22 July 2009

How Come They Can’t Find Any Boy Books?

Diantha McBride's article for School Library Journal described several disparate things she as a school librarian would like to see from publishers, including:

I need more books for boys--as do most librarians who work with young people. I've noticed that lots of books with female characters aren't really about being female. In fact, in many cases, the main characters could just as easily have been males--and that would make my job a lot easier.

Our young guys love Anthony Horowitz's “Alex Rider” series (Philomel), Dav Pilkey's stuff, and Jonathan London and Frank Remkiewicz's “Froggy” books (Viking). But a novel like Ann Halam's Siberia (Random House, 2005) could have included a male protagonist. (Sorry, Ann, but it's true.) And Gloria Whelan's The Impossible Journey (HarperCollins, 2003) could have featured an older brother and a younger sister--instead of 13-year-old Marya and her younger brother, Georgi.

Am I being silly? Probably, but some of our boys have never read a complete book in their lives. It's important to offer them good, appealing stories, and, sad to say, that means stories with prominent male characters.
Martha Brockenbrough at MSN Movie News, of all places, replied to McBride with an essay titled "Are We Letting Boys Be Book Bigots?" Her main point:
the problem isn't the books, it's the way we're raising our boys. If they aren't willing to read about girls, and if we're indulging that sort of nonsense, then we are raising boys who will have a hard time functioning in a world where girls play serious roles. In other words, the real world. . . .

We need to teach them to take an interest in all sorts of stories, not just the ones that feature kids like them. This means exposing them to a lot of different stuff. We should, of course, encourage kids to find themselves in books. That's a wonderful and powerful thing. But we should help them find people who are different, too, so they learn to value other ways of being in the world.
I agreed with that sentiment, but as I considered my response to the discussion I felt something nag at me. It took a while before I realized what it was. McBride's complaint is based on a false premise: that we're drastically undersupplied with books about boys.

There are hundreds of new children's books published each month. And older books don't expire at the end of the year; they're still on shelves, too. Plus, the internet has made more books more widely available than ever in the history of literature. Surely among all those thousands of books there are enough with male protagonists for a boy with that requirement to read for an entire year. He just needs to know about them. But publishers aren't hiding that information.

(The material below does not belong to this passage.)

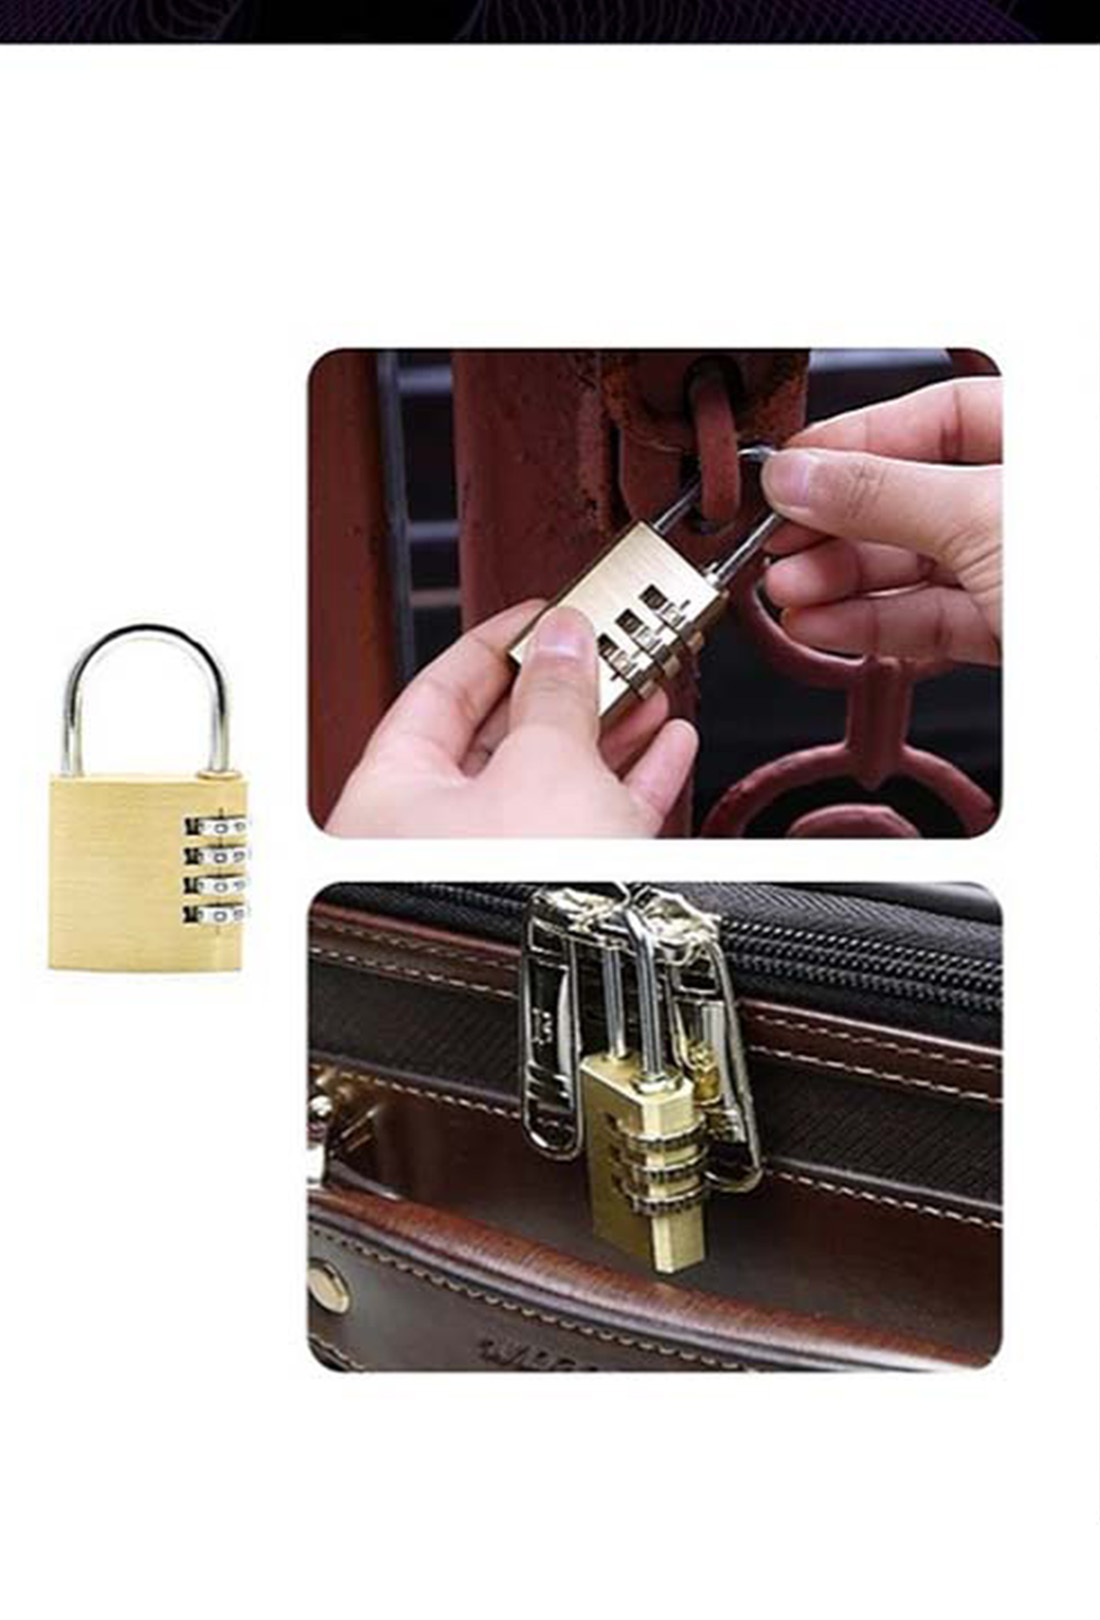 hot mini luggage locker pad locks for notebook bag cabinet

Furthermore, McBride works at the American School of Madrid, which is hardly representative of American school libraries. I suspect the boys there come largely from the upper and upper-middle classes, with cosmopolitan parents who value education and have the means to provide it. If those boys "have never read a complete book in their lives," even when their librarian knows about Pilkey and Horowitz, then they must be making an effort to resist.

McBride is apparently willing to spend her budget on new, unproven books with male protagonists because her male students tell her they can't find anything interesting to read. Those are probably the same boys who stand in front of an open refrigerator complaining that they can't find any food.


Mordena said...

I'm also disturbed by the idea that if a protagonist could be male, then he SHOULD be male. As if life was so much better back when girl heroines were few and far between.

max said...

I appreciate any efforts to draw attention to reading, and attract reluctant readers to it.

That's because I grew up as a reluctant reader, in spite of the fact that my father published over 70 books. Now I write action-adventures & mysteries, especially for tween boys, that avid boy readers and girls enjoy just as much.

My blog, Books for Boys http://booksandboys.blogspot.com recently reached # 1 on Google.

Keep up your good work concerning reading.

Max Elliot Anderson

BJW said...

I still do that, with the fridge I mean. Good thoughts.

Susan said...

I wholeheartedly agree with you. As a parent of both boy and girl children who are active readers, there are already plenty of fabulous, exciting, and funny books featuring a male main character.

Boys are also willing to read books with girls as the main character quite frequently. The Inkheart trilogy is a great example of a book with a female main character that appeals as much if not more to boys than it does to girls. What would be gained by making that character a boy? Why should authors feel pressure to change their art? Why should we revert to 1950's sensibilities?